Einen wesentlichen Beitrag zu diesem Anliegen leistete in dieser ersten Ausgabe Erich Kosiol, damals Direktor des Betriebswirtschaftlichen Instituts der Freien Universität Berlin. Darin würdigte er die Leistungen von Friedrich Leitner, den damals bereits verstorbenen Betriebswirtschaftler, der bahnbrechende Beiträge für die Betriebswirtschaft geschrieben hat und die ersten Schritte des neuen Wissenschaftszweigs mit seinen Lehren begleitete. Erich Kosiol beginnt in seinem Aufsatz mit einer Darstellung der Betriebswirtschaftslehre. Dieser Absatz schließt mit den Ausführungen:

“Die Betriebe, ob Haushalte oder Unternehmungen, sind die Wirkungszentren und Formungselemente der Wirtschaft. Der Betrieb wird zur kardinalen Kategorie, zum Zentralbegriff der wissenschaftlichen Disziplin. Durch dieses Verständnis der Wirtschaft wird der Betrieb selbst, der Aufbau und das Leben aller seiner Erscheinungsformen, zum Untersuchungsgegenstand des Faches. Die nicht selten vertretene Einengung der Betriebswirtschaftslehre auf eine Lehre vom Betrieb oder von der Unternehmung ist jedoch wissenschaftlich unhaltbar.
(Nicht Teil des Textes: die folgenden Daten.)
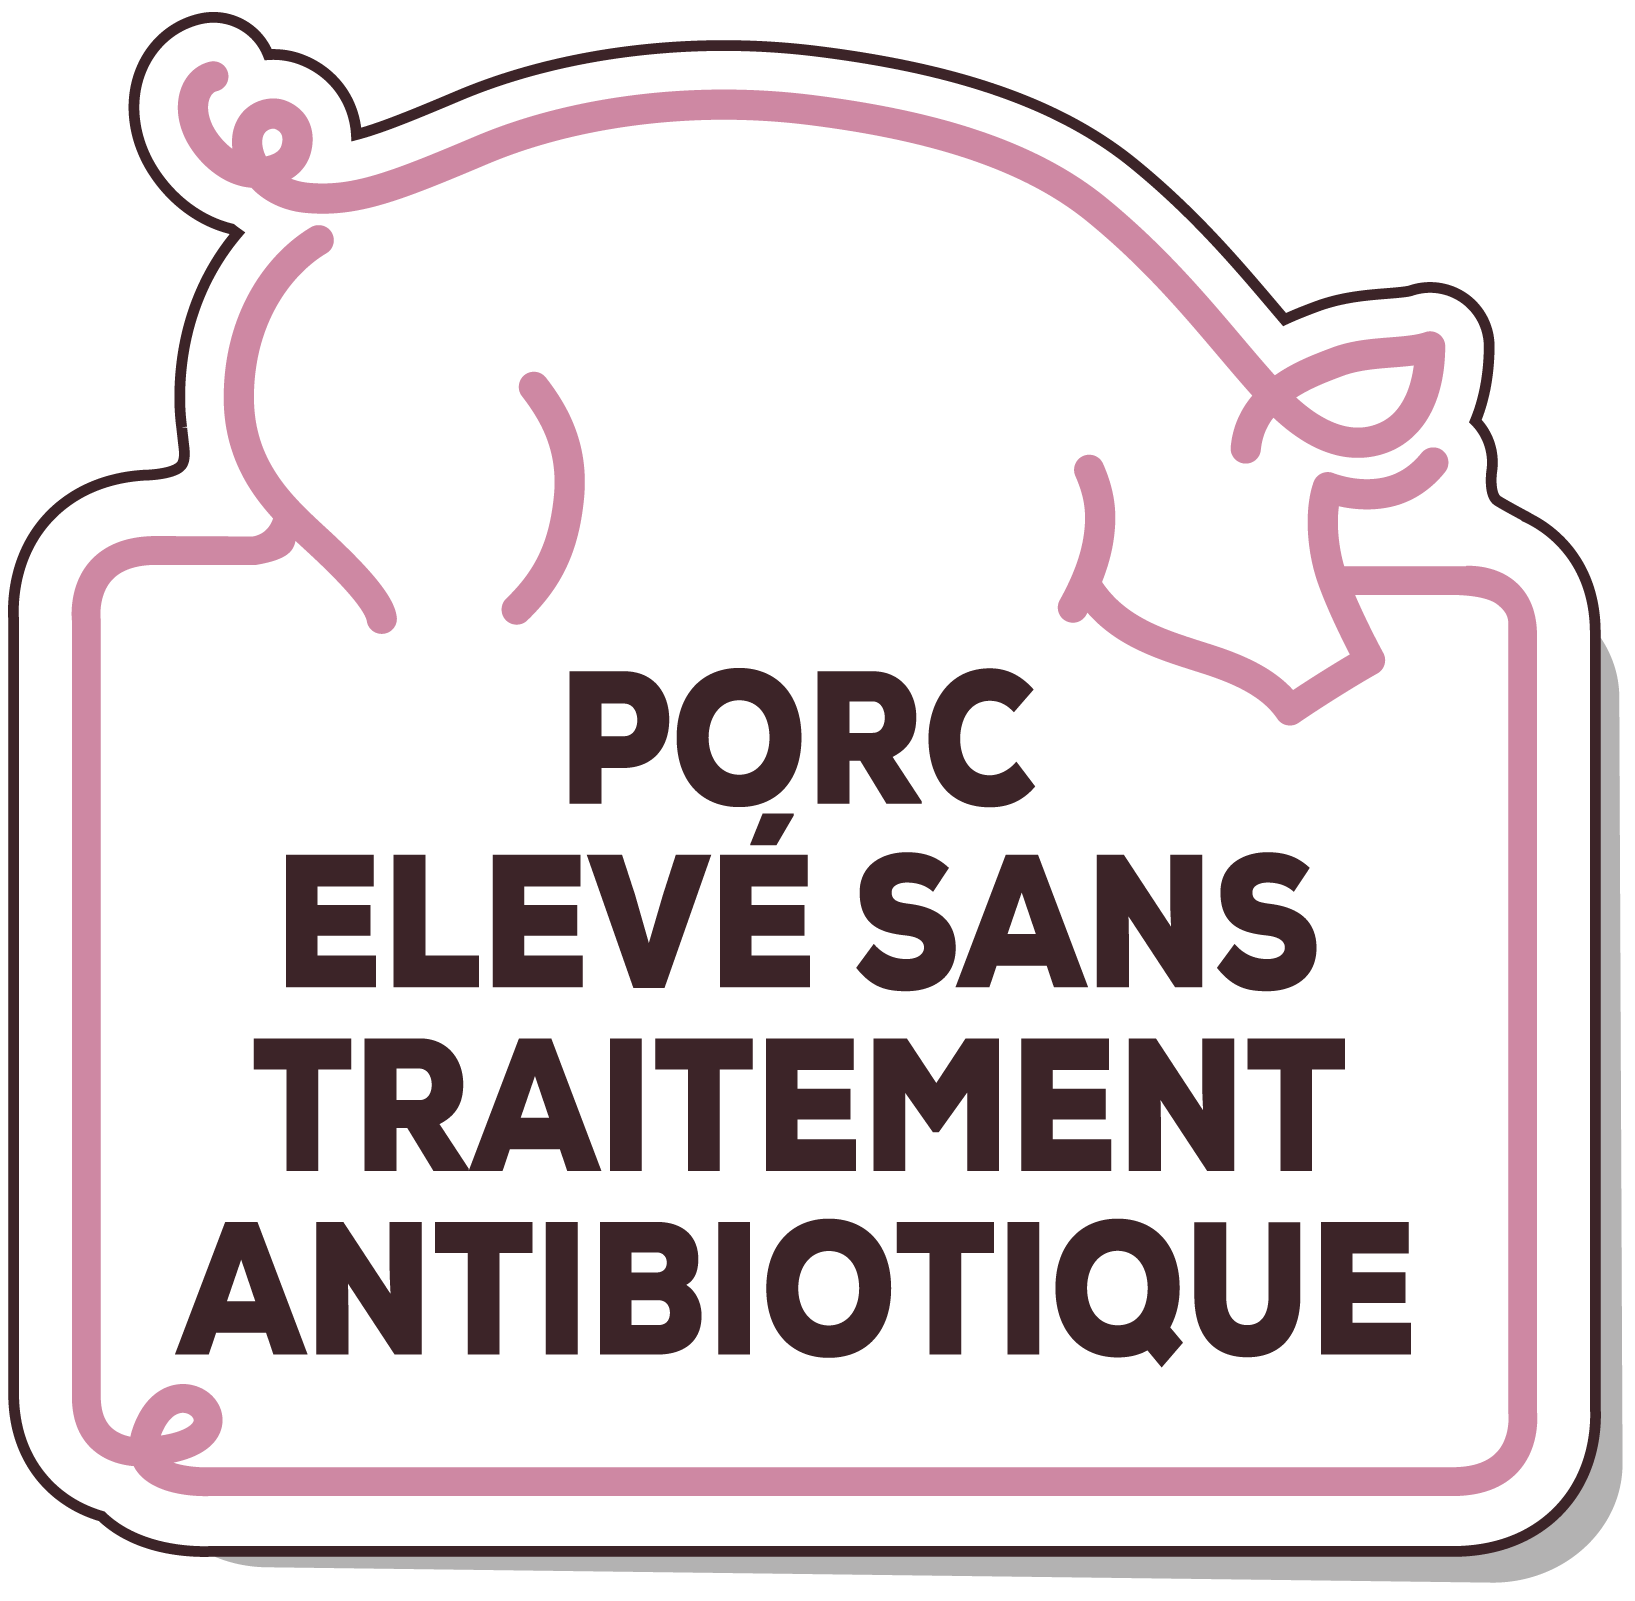 Porc élevé sans traitement antibiotique

Sie würde eine Horizontverengung bedeuten, die jedes ausreichend begründete Urteil über wirtschaftliche, ja sogar innerbetriebliche Tatbestände ausschließt, eine Verkümmerung und Verarmung betriebsökonomischen Denkens, die jede Forschung unmöglich macht, ein Zerreißen wirtschaftlicher Zusammenhänge, das nicht einmal für den praktischen Unternehmer, geschweige denn für den Wissenschaftler zulässig ist. Der Betrieb wird vielmehr zum Orientierungszentrum und  Beurteilungsmerkmal für die wissenschaftliche Betrachtungsweise. Ob z. B. Marktformen, Fragen der Preisbildung, die Verteilung des Sozialproduktes, Währungsprobleme, Fragen der Besteuerung oder auch wirtschaftspolitische Maßnahmen untersucht werden sollen, stets wählt die betriebswirtschaftliche Forschung ihren Ansatzpunkt in den Betrieben
als Aktions- oder Wirkungszentren. Der Betriebswirtschaftler sucht alle wirtschaftlichen Erscheinungen aus den Betrieben her zu erklären oder bis in die Betriebe hinein zu verfolgen. Ihn treibt die mikroökonomische Betrachtungsweise. Die Betriebswirtschaftslehre untersucht die Wirtschaft unter dem Aspekt ihrer Zusammengesetztheit aus Betrieben. Sie ist die Lehre von der Betriebswirtschaft als einer betriebsweisen Wirtschaft.”

Daran anschließend geht er auf die besonderen Leistungen von Friedrich Leitner ein, der als Professor der Wirtschaftshochschule sich um die Wirtschafts- und Sozialwissenschaftliche Fakultät der Freien Universität verdient gemacht hat.

“FRIEDRICH LEITNER stammt aus Wien, wo er die Oberrealschule, die Handelsakademie und die Universität besucht. Nach mehrjähriger kaufmännischer Praxis im Bank- und Speditionsgeschäft wird er Assistent an der Wiener Handelsakademie. Nach bestandener Staatsprüfung für das Handelslehramt geht er als Oberlehrer 1898 nach Mainz und 1903 nach Frankfurt a.M., um zugleich als nebenamtlicher Dozent an der Akademie für Sozial- und Handelswissenschaften zu wirken.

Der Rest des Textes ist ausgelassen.